▸ What you are asked to do
Each time a line of the listing holds "Calendar", copy that line.

▸ Source material
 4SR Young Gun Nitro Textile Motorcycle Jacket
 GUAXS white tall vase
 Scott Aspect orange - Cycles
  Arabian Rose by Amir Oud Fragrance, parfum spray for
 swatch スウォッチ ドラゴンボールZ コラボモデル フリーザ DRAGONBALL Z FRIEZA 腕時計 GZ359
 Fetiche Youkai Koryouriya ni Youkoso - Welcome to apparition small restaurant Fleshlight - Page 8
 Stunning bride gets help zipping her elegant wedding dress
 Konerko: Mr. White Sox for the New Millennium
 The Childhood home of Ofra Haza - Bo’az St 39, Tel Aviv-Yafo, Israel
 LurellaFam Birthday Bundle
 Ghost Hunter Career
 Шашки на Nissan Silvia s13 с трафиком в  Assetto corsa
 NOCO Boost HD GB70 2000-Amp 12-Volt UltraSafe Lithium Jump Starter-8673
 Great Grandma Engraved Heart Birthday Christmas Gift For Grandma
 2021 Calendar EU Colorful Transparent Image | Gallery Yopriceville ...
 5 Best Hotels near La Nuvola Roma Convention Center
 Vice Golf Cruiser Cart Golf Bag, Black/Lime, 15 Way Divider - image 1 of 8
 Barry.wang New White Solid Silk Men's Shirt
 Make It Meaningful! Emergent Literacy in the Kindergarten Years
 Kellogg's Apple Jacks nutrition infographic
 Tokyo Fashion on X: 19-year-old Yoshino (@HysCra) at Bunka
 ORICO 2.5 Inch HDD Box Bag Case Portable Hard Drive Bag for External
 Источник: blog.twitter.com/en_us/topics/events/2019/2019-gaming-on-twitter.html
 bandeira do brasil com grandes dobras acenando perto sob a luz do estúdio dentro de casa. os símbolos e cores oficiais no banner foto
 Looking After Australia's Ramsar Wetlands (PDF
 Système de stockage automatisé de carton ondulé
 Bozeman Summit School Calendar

▸ Written solution
 2021 Calendar EU Colorful Transparent Image | Gallery Yopriceville ...
 Bozeman Summit School Calendar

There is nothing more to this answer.